Envoy Rate Limiting with Istio Ambient Mesh 

As Kubernetes‘ environments scale, controlling service-to-service and north-south traffic becomes increasingly critical. When traffic spikes unexpectedly or clients overwhelm APIs, applications can fail, latency can increase, and cascading outages can occur. 

This is where Rate Limiting in Istio Ambient Mesh becomes essential. With Ambient Mode simplifying service mesh architecture and Envoy Gateway enabling Layer 7 traffic enforcement, organizations can implement scalable and efficient rate limiting without relying on sidecars. 

In this blog, we’ll explore how Rate Limiting works in Istio Ambient Mesh, understand its architecture, configure policies, and apply production best practices.

Video on Envoy Rate Limiting with Istio Ambient Mesh

In case you want to refer to the video, then here it is 

What is Rate Limiting? 

Rate limiting as the name suggests is a way of limiting the number of requests an application receives. Now, why do we even need to limit the requests to an application? right? because an overwhelming amount of traffic to an application can cause the application to fail or hang resulting in loss of resources.

Types of Rate Limiting 

There are two types of Rate Limiting. 

  1. Local Rate Limiting  
  2. Global Rate Limiting 

Local Rate Limiting 

Local rate limiting enforces requests limit to each Envoy sidecar or gateway controls the rate independently for its own traffic. It uses the Token Bucket Algorithm to ensure that the local rate limiting conditions are met. Local rate limiting helps in applying fine-grained security to the pods/services.

Global Rate Limiting 

Global rate limiting in Istio is a traffic control method applied to a service mesh, ensuring that request limits are shared across all service instances rather than being applied individually to each. This prevents overload on services by capping total requests allowed globally, regardless of how many replicas of a service exist. 

It has mainly 3 components: 

  • Envoy Proxy (Waypoint) – This is where requests first arrive. The waypoint needs to ask: ‘Should I allow this request?’ 
  • Rate Limit Service – This is the brain. It receives rate limit checks from Envoy, evaluates them against configured rules, and says ‘yes, allow it’ or ‘no, deny it’ 
  • Redis – This is the memory. It stores the counters – how many requests have been made, when they expire, etc. Redis is fast and perfect for this use case. 

Now, let’s move to the architecture section.

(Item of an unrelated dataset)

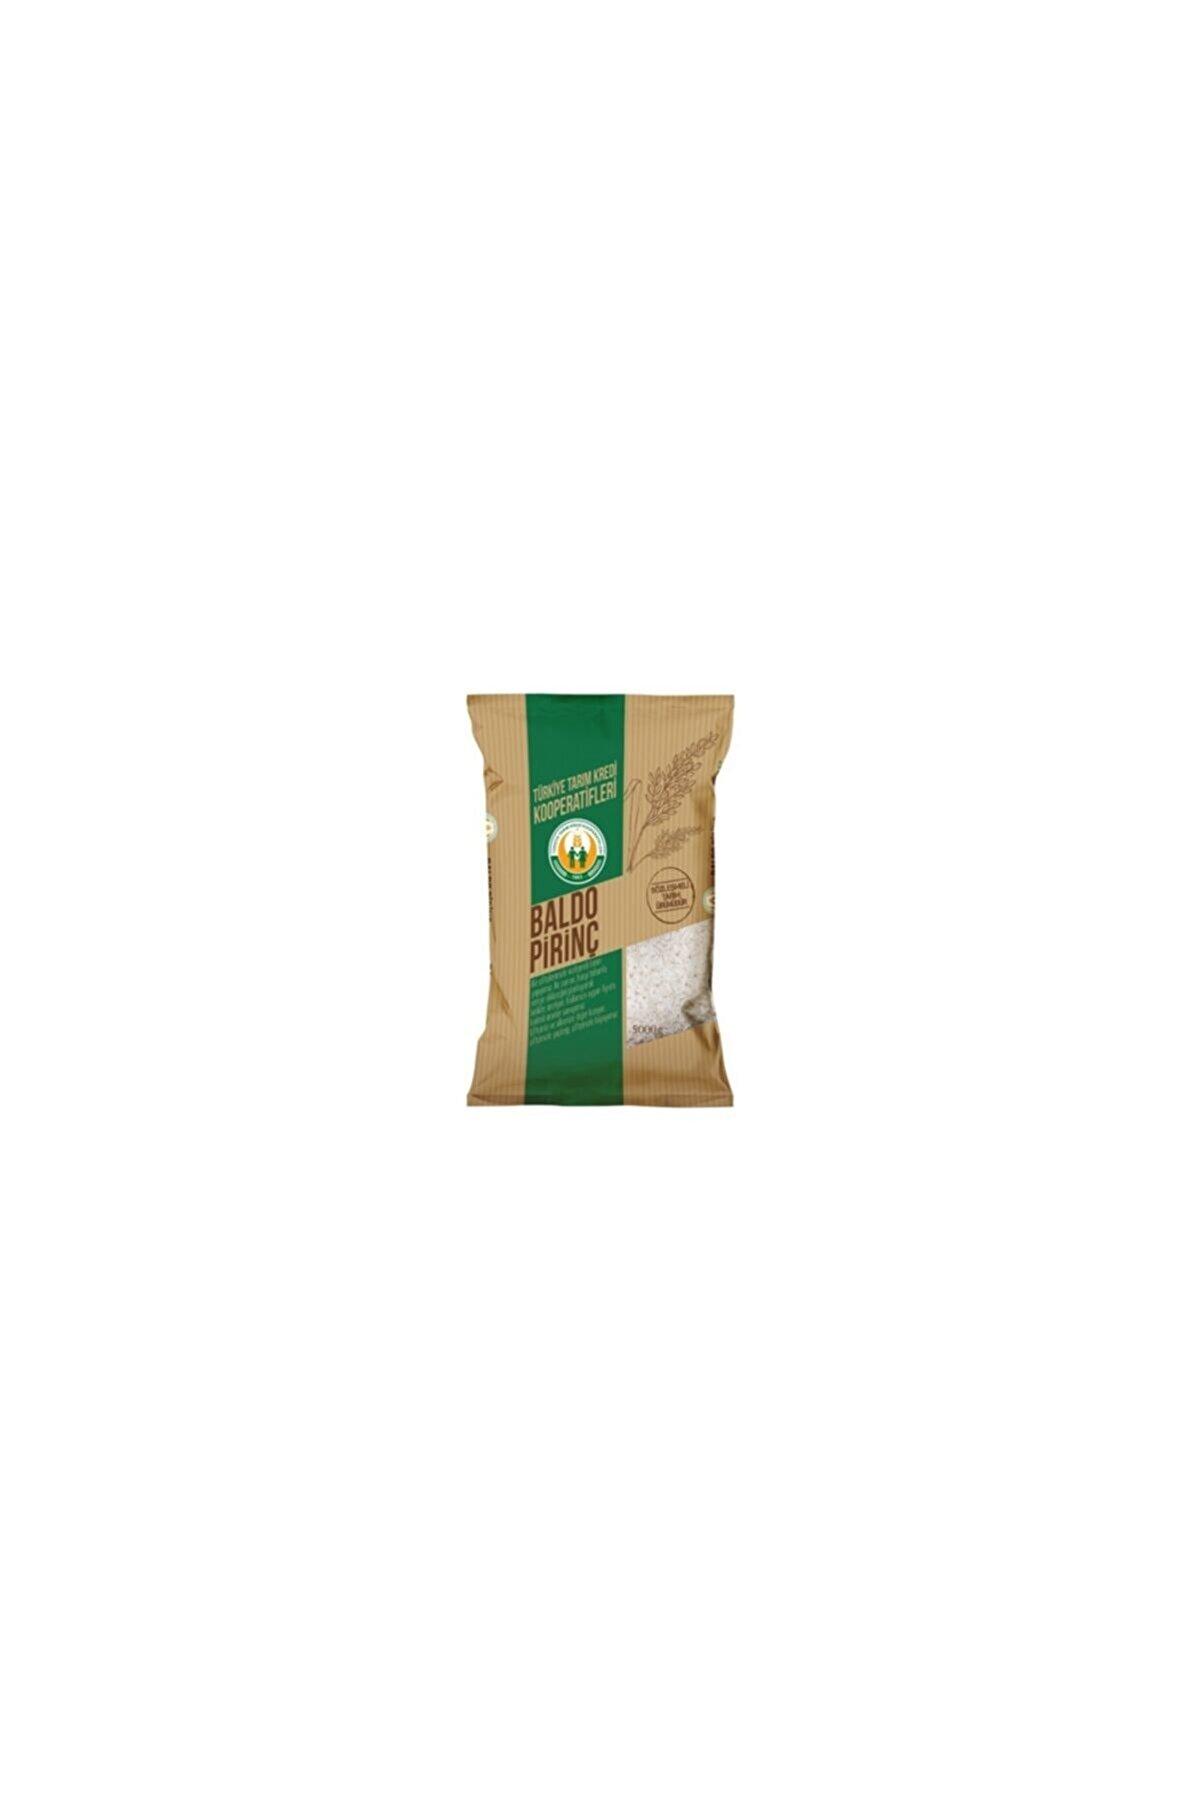 Tarım Kredi Birlik Tarım Kredi Baldo Pirinç 5 Kg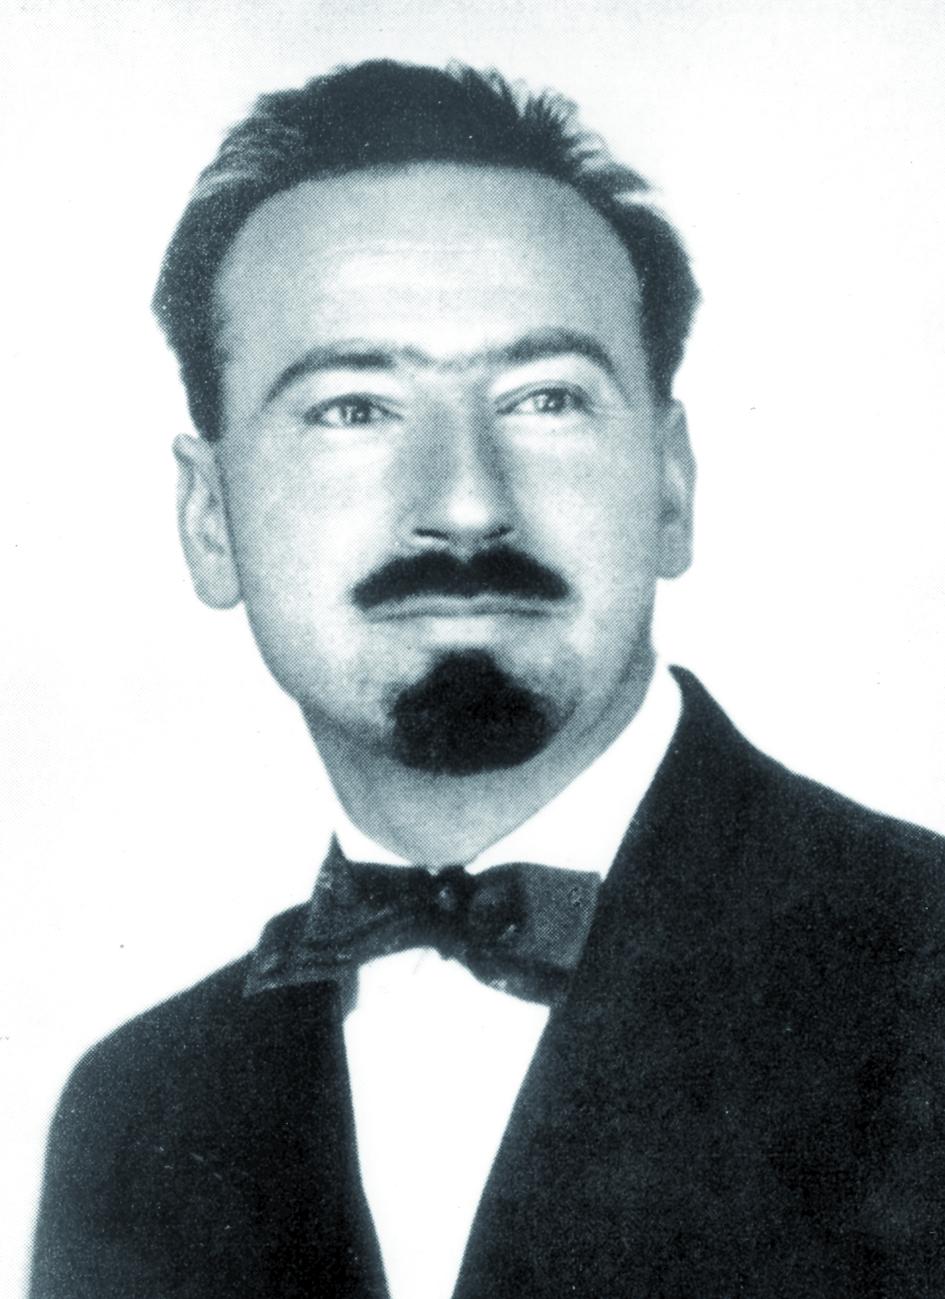 Portraitfoto von Herrn Antoine Lacassagne.

Local Rate Limiting Architecture

Istio Ambient Mesh local rate limiting architecture using Envoy filter with token bucket algorithm

                                                                         FIG A: Local Rate Limiting Architecture

Architecture Flow

Client → Waypoint Proxy (Token Bucket) → Decision → Allow / Deny 

  1. A client sends a request to your service. 
  2. The request reaches the Waypoint Proxy (Layer 7 enforcement point in Ambient Mode). 
  3. Envoy checks the local token bucket. 
  4. The request is either allowed or rejected. 

How It Works 

In Istio Ambient Mesh, local rate limiting is enforced at the Waypoint Proxy using Envoy’s built-in token bucket algorithm. 

When a client sends a request to a service inside the mesh, the traffic is routed through the Waypoint Proxy, which acts as the Layer 7 enforcement point. Before the request reaches the backend service, Envoy checks its local token bucket. 

The token bucket is configured with a maximum capacity (for example, 4 tokens) and a refill rate (for example, 4 tokens every 60 seconds). Each incoming request consumes one token from the bucket. If a token is available, the proxy forwards the request to the backend service, and the client receives a successful response (200 OK). If the bucket is empty, the proxy immediately rejects the request and returns an HTTP 429 (Too Many Requests) response. Tokens are automatically replenished at the configured interval, allowing new requests once capacity is restored. 

Because this is local rate limiting, each Waypoint Proxy replica maintains its own independent token bucket. For instance, if the limit is set to 4 requests per minute and there are 3 proxy replicas, the effective total capacity across the cluster becomes 12 requests per minute. The enforcement is per proxy, not centrally coordinated. 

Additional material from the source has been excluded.